OpenTelemetry and the opportunity for intelligent observability


Download the eBook

 

Introduction

OpenTelemetry is emerging as the de facto instrumentation standard for cloud-native applications

As companies digitally transform and modernize applications, teams are increasingly adopting open source technologies to leverage new container- and microservice-centric architectures. This modular software approach improves agility, performance, and reliability. But it also creates new observability challenges, as companies often use different monitoring tools across clouds and applications.

OpenTelemetry is emerging as the de facto standard for adding observable instrumentation to cloud-native applications.

The open source framework provides a common mechanism for collecting critical application and infrastructure telemetry data, such as metrics, traces, and logs. Enterprises implementing OpenTelemetry can use that data to gain complete, AI-driven observability at scale through integration with Dynatrace.

An overview of OpenTelemetry

What it is

OpenTelemetry is an open source observability framework for cloud-native software that was created from the merger of the OpenTracing and OpenCensus projects. A Cloud Native Computing Foundation incubating project, OpenTelemetry is the second most popular project behind Kubernetes.

What it does

OpenTelemetry provides a standard way to instrument, generate, collect, and export telemetry data, including metrics, logs, and traces. While it is a tool for capturing, transmitting, and parsing telemetry data, it does not provide back-end storageor analytics.

A typical use case involves instrumenting applications with OpenTelemetry and then sending the resulting telemetry to a third-party observability solution for further analysis and visualization.

Where it’s headed

With an initial 1.0 release of tracing application programming interfaces (APIs) and software development kits (SDKs) in February 2021, OpenTelemetry is under active development with rolling release cycles. Of the three telemetry capabilities, traces arethe most production-ready, with metrics GA expected in mid-2022. As a result, most OpenTelemetry implementations today focus on application tracing.

While nascent, industry adoption of OpenTelemetry is expanding.

Amazon Web Services

  • Announced support
  • Launched a distribution for OpenTelemetry

Microsoft Azure

  • Announced support
  • Released an OpenTelemetry exporter for Azure Monitor

Google Cloud

  • Announced support
  • Released an OpenTelemetry exporter for Google Cloud Trace

Software-as-a-service (SaaS) vendors are also starting to explore adding OpenTelemetry to their platforms to allow customers to access SaaS telemetry data.

 

Chapter 1

OpenTelemetry architecture

OpenTelemetry architecture

  1. APIs are a core component of OpenTelemetry.

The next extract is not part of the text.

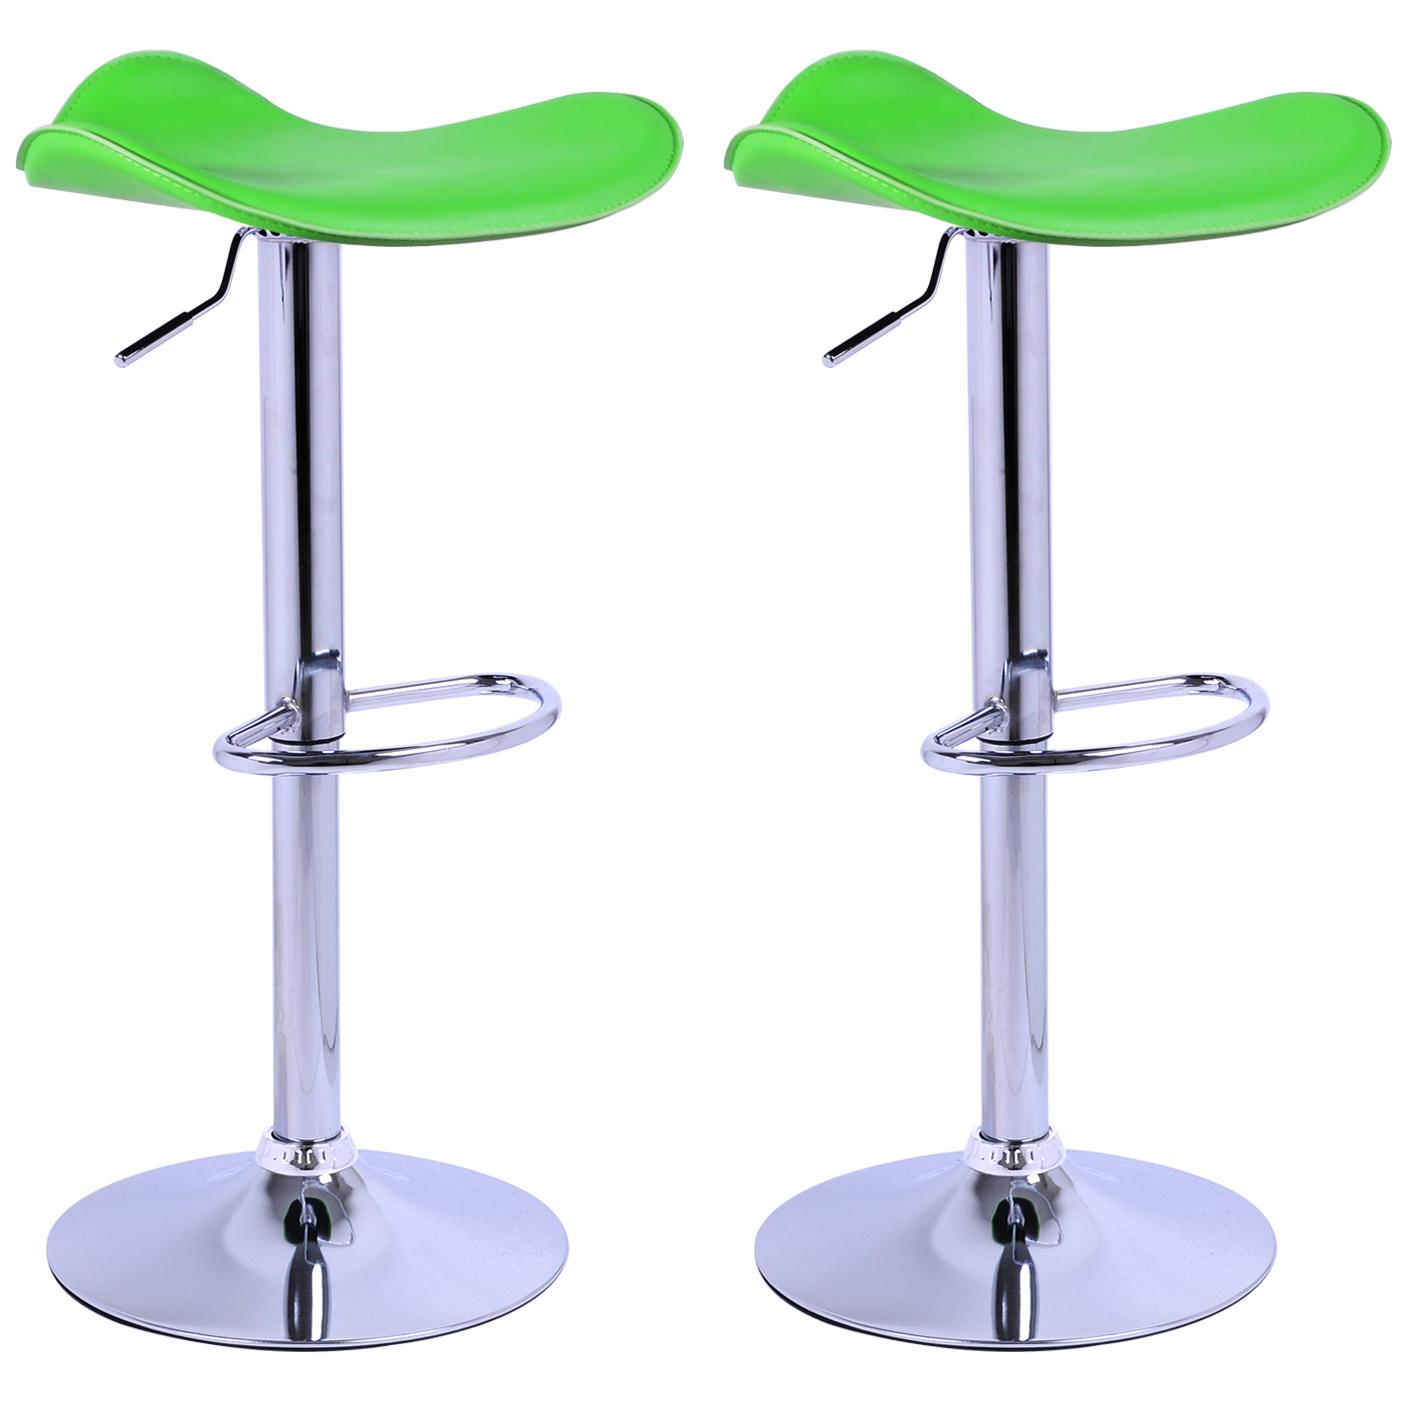 Green Kitchen Stools: Bar Stools Set Of 2/1 Breakfast Kitchen Chair Adjustable

These are language-specific — Java, Python and .NET, for example — and provide the basic “plumbing” for instrumenting the code to generate telemetry data, such as metrics, logs, and traces.

  2. The SDKs are another language-specific component. The implementation of the OpenTelemetry API serves as the bridge between the APIs and the exporter. This component allows for additional configuration, such as request filtering and transaction sampling.

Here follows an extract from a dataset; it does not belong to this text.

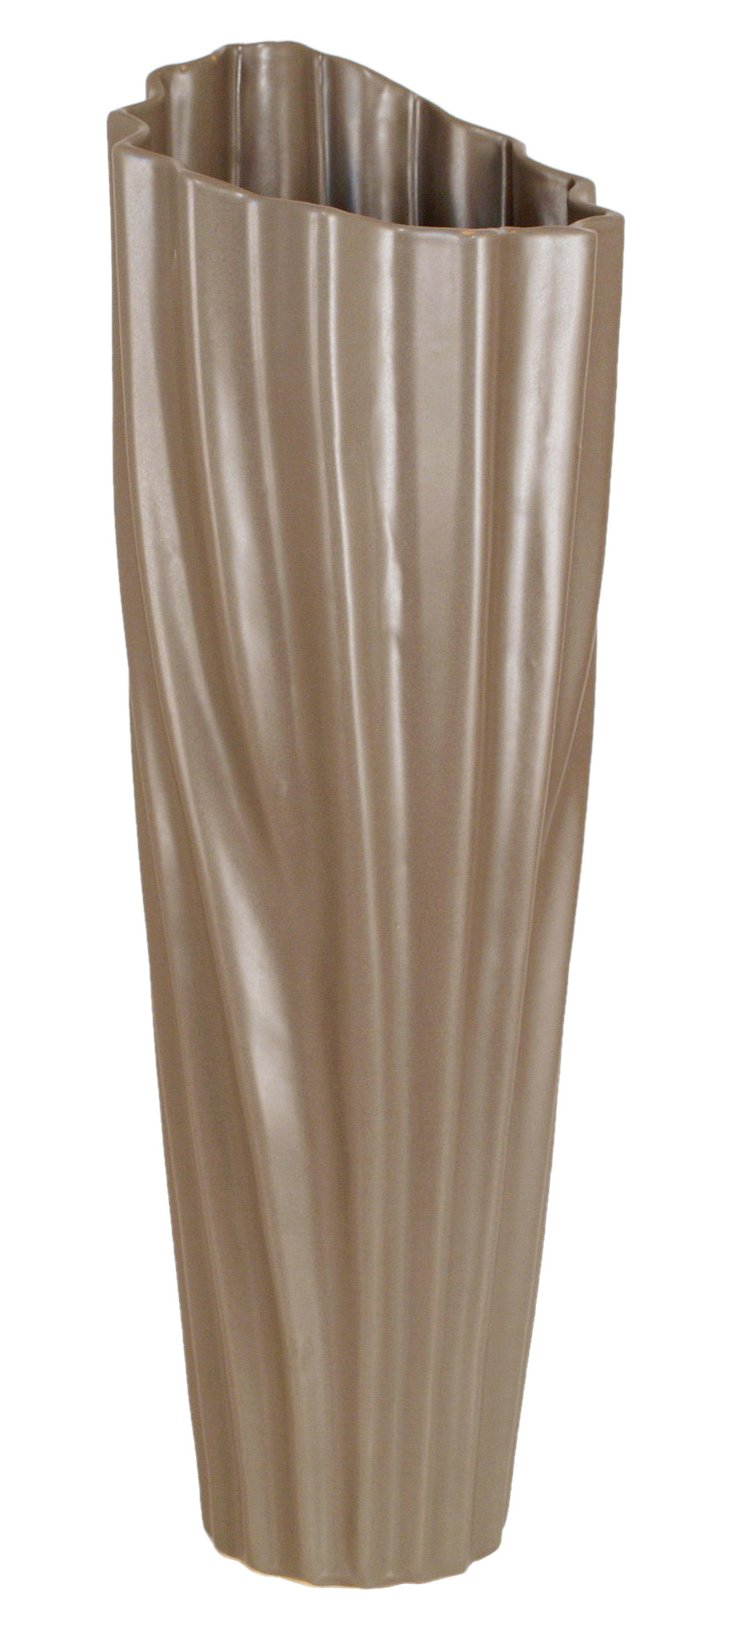 "22"" Rippled Ceramic Vase"

  3. The in-process exporter is part of the SDK.

    • Allows configuration to which back end(s) the telemetry data is sent
    • Decouples the instrumentation from the back-end configuration
    • Makes it easy to switch back ends without the pain of re-instrumenting your code
  4. The collector, while not technically required, is a useful component of the OpenTelemetry architecture.

    • Allows greater flexibility for receiving, transforming, and sending the application telemetry to the back end(s)
    • Is a standalone process that serves as a centralized location receiving, processing, and exporting telemetry data
    • Becomes especially important in enterprise environments where there can be many firewalls

The collector has two deployment models:

Agent

The first is an agent that resides on the same host as the application reporting data to it — binary, daemonset, or sidecar, for example.

This collector can then send data to a server, operating system, database, or network directly or via another collector.

Gateway

The second is a standalone process (gateway) completely separate from the application(s) reporting telemetry data to it. It’s responsible for exporting this data to a back-end observability tool.

  1. OpenTelemetry Protocol (OTLP) is the OpenTelemetry native format that supports metrics, logs, and traces in a single data stream. Exporters and collectors can be used to translate OTLP into the language of the back-end destination and then transport the data there.

  2. Because OpenTelemetry is just a specification about collecting and sending telemetry, it still requires a telemetry back end to receive and store the data. There are numerous back ends available with different capabilities depending on your specific needs.

OpenTelemetry architecture Universe

 

Chapter 2

The benefits of OpenTelemetry

Standard solution API

Before: Prior to OpenTelemetry, the process of capturing and transmitting application telemetry data was fragmented with a range of disparate open and vendor-provided solutions.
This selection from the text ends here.